◆ **Task brief**: Would you print the data below exactly, leaving out every picture?

◆ **Supplied material**:
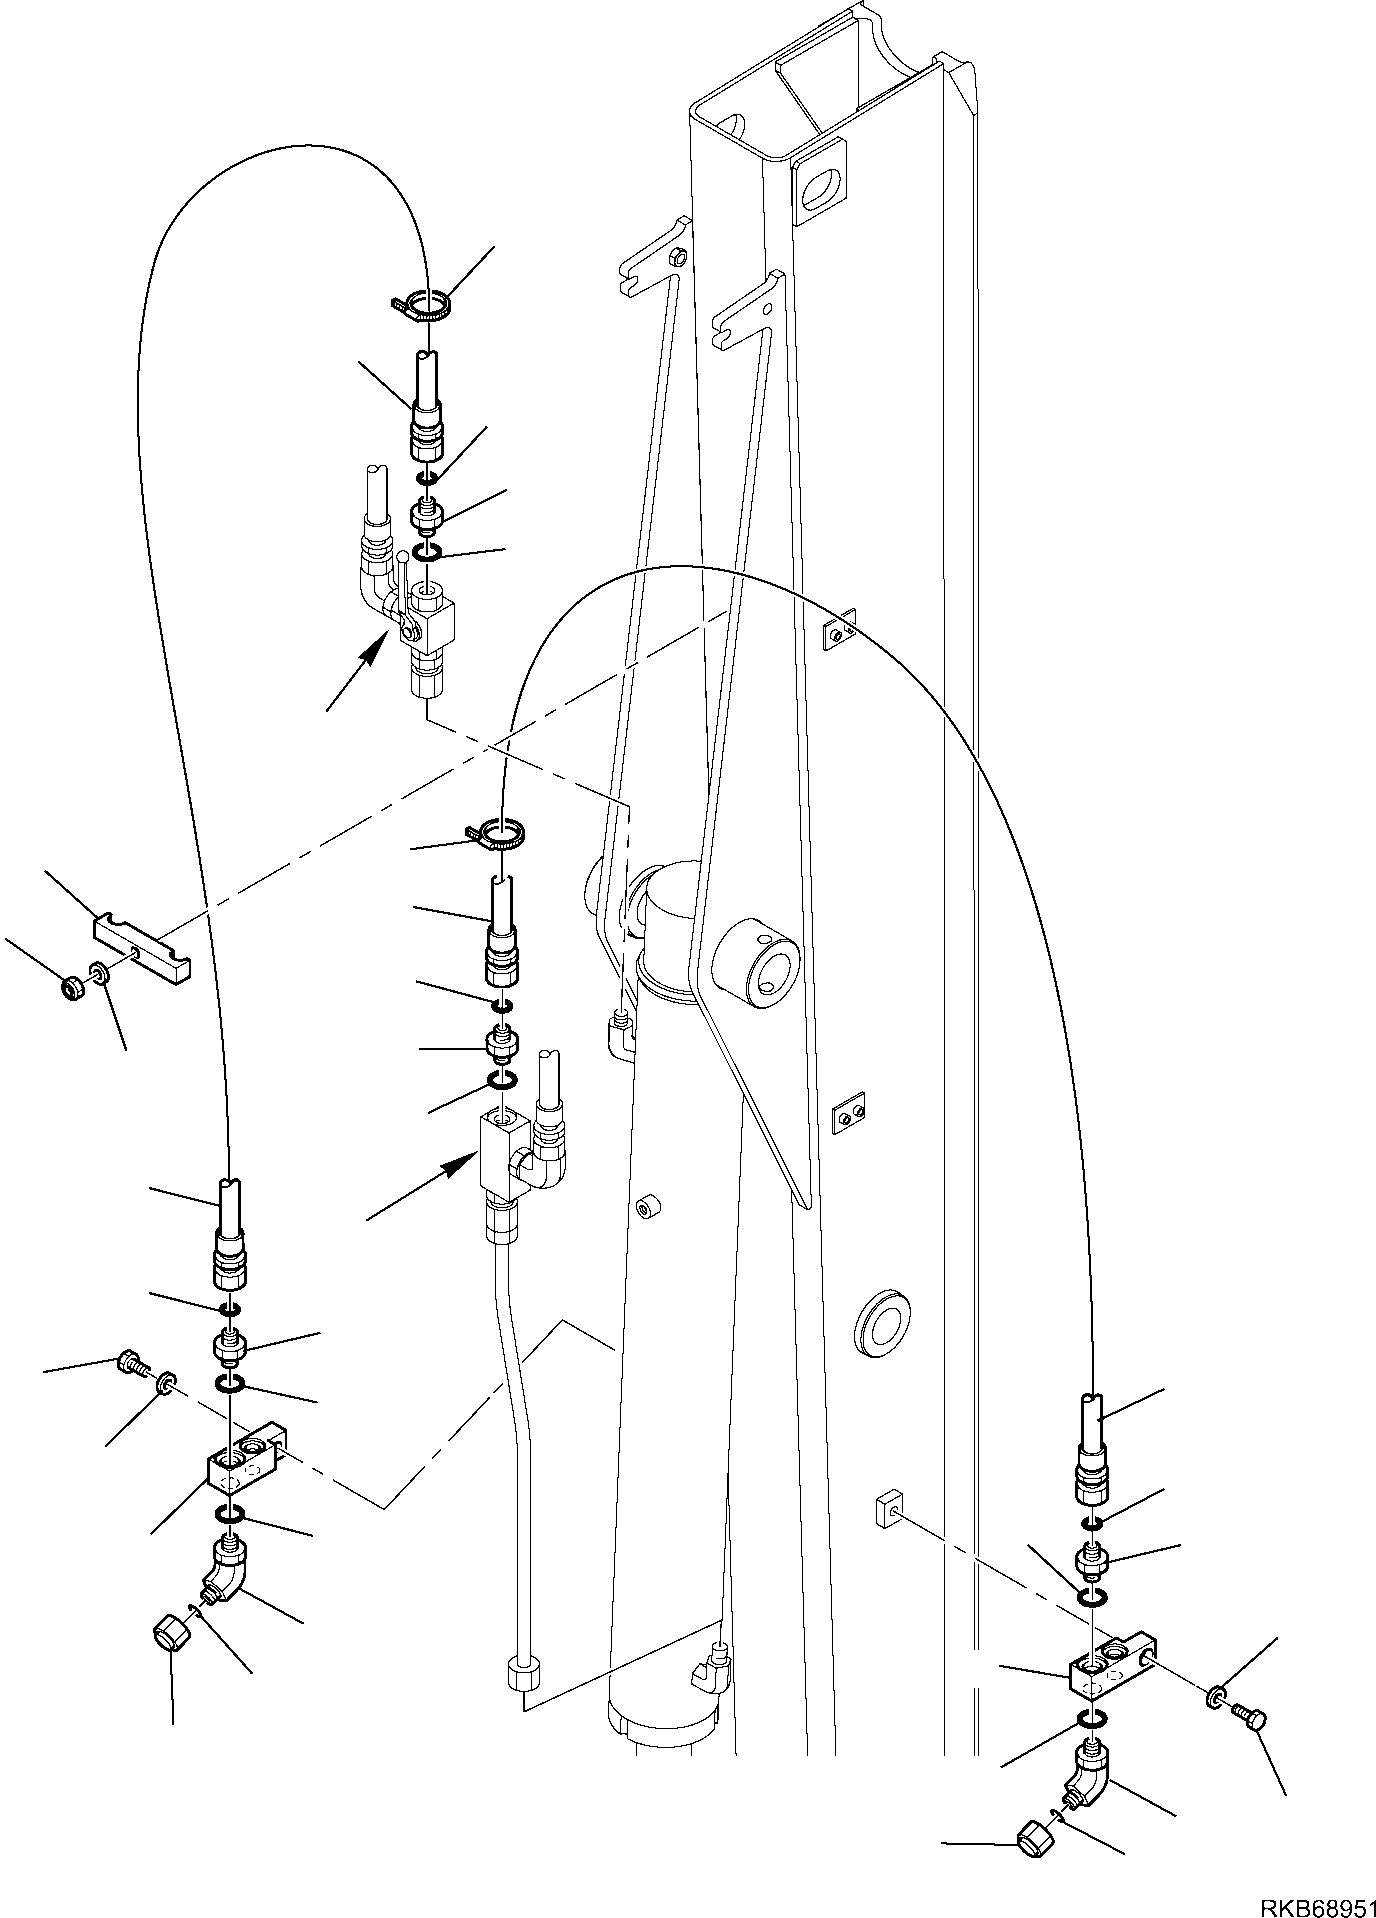 194. HYDRAULIC PIPING (CUTTING AND ROTATING BUCKET) (3/3) [6920] - Komatsu part WB97S-5E0 S/N F30451- UP [wb97s5e1]
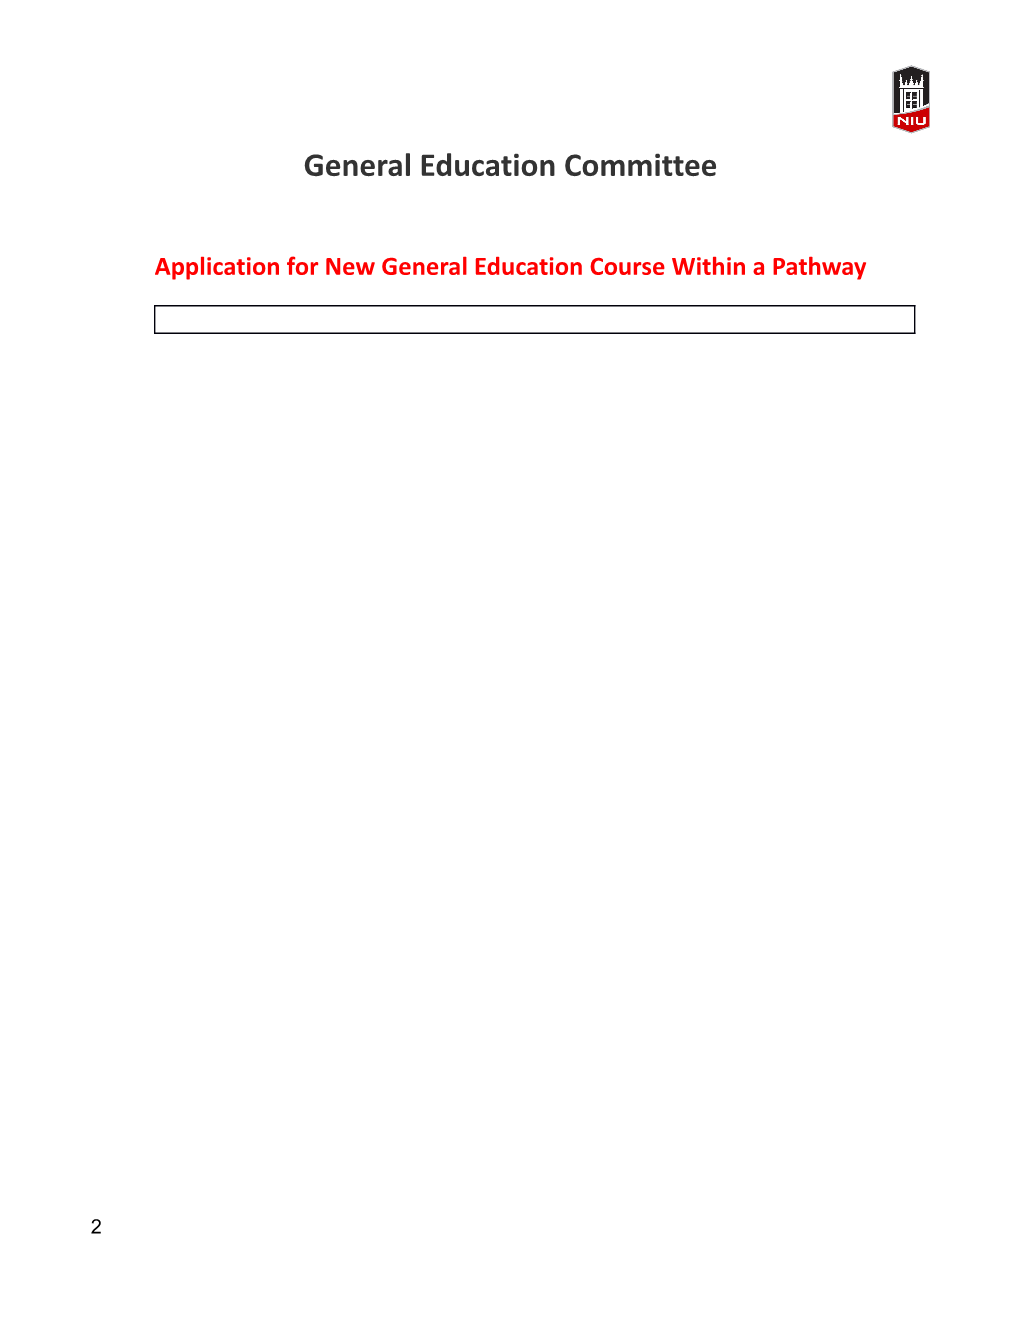 General Education Committee s2
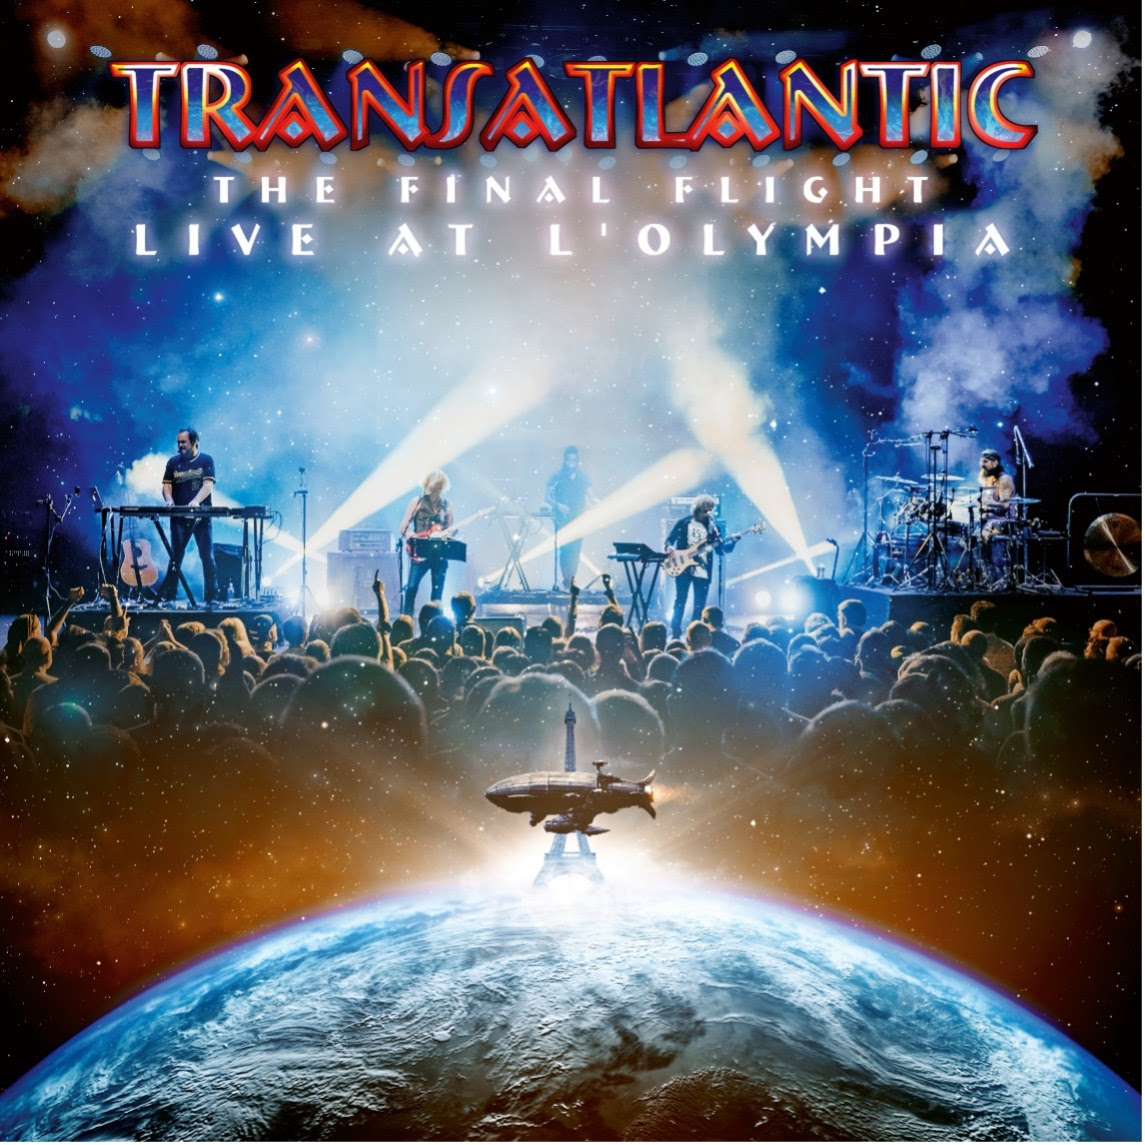 TRANSATLANTIC lanza en directo el vídeo de “We All Need Some Light”, extraído de “The Final Flight: Live at L’Olympia’

◆ **Task solution**:
 194. HYDRAULIC PIPING (CUTTING AND ROTATING BUCKET) (3/3) [6920] - Komatsu part WB97S-5E0 S/N F30451- UP [wb97s5e1]
 General Education Committee s2
 TRANSATLANTIC lanza en directo el vídeo de “We All Need Some Light”, extraído de “The Final Flight: Live at L’Olympia’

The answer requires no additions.